Reading my previous comment, I feel compelled to point out that I have, in fact, kissed a girl before. Really.
posted by Rangeboy at 5:19 PM on June 10, 2011 [2 favorites]


At 5 cents per kW/h he's making $2500 an hour.

This is beyond nerdy, but why when you can just buy or rent a standardized diesel generator that can run 24/7 for an extended period of time? Especially you'd have to build a custom 500kW generator for him to crank and it connect to the rest of your standardized electrical system. I'd say the obvious job for someone like Colossus would involve something like emergency hazmat operations where you can't buy the hardware "off the shelf," would probably need to destroy it afterward if you did, and having a real person look around to assess the situation would be invaluable.
posted by KirkJobSluder at 5:46 PM on June 10, 2011


"Starfleet Medical forbids the use of transporters to cure all injuries, diseases, or provide immortality. For some reason."

Or to transport babies out of the uterus when their mothers are having them unexpectedly during cliffhanger episodes.
posted by emjaybee at 5:52 PM on June 10, 2011


Or to transport babies out of the uterus when their mothers are having them unexpectedly during cliffhanger episodes.

They had too much trouble with malfunctions resulting in babies with goatees.
posted by JHarris at 5:58 PM on June 10, 2011 [2 favorites]


I'd say the obvious job for someone like Colossus would involve something like emergency hazmat operations where you can't buy the hardware "off the shelf," would probably need to destroy it afterward if you did, and having a real person look around to assess the situation would be invaluable.

Colossus doesn't need to breathe either.
posted by Scoo at 6:00 PM on June 10, 2011


but he does have a casino where women walk around in their underwear, if that's your thing

that is indeed my thing, hoorays!
posted by elizardbits at 7:01 PM on June 10, 2011 [1 favorite]


(I think that, with all the time they spend in and around the water, they'd have been better off with someone who can control sharks rather than the weather guy, who seemed a bit derivative of Storm.)

I'm pretty sure no one has ever been better off with Aquaman than [some other superhero].

At 5 cents per kW/h he's making $2500 an hour.

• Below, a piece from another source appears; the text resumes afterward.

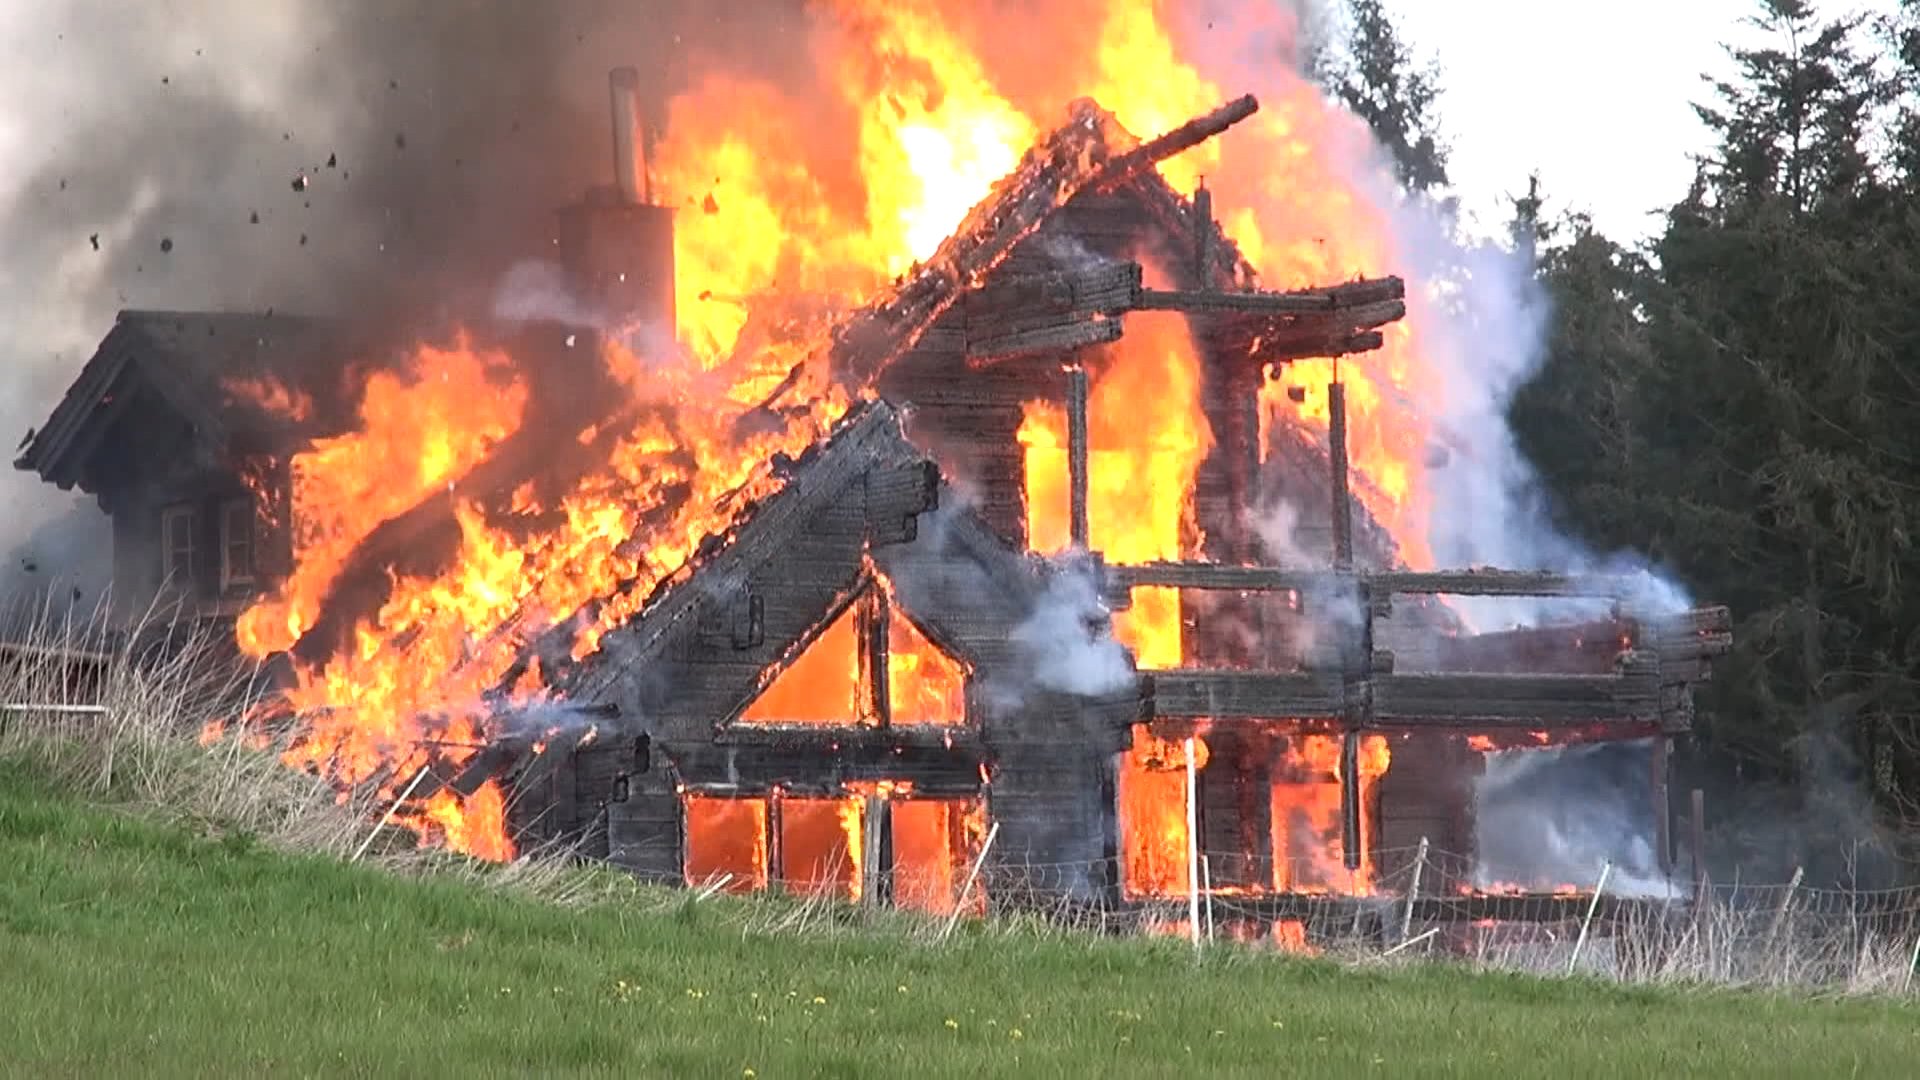 Holzhaus brennt auf Hühnerfarm nieder 3 Hunde sterben im Feuer

And he just pushes a piston all day, and he has the temperament of an artist...which means he'd do it for about a day or two, tops, anytime he needed the money, in between working as a painter or anything else somewhat less utterly soul-crushing. You and Mightygodking both seem to be imagining that mutants wouldn't have much free will to decide their own fates, that their job would be entirely determined by the invisible hand of the market or the not-so-invisible-hands of government coercion (which seems like it would require other mutants willing to do the coercing, in many cases, and there you go down the Civil War storyline sidetrack...hey, speaking of Mightygodking...).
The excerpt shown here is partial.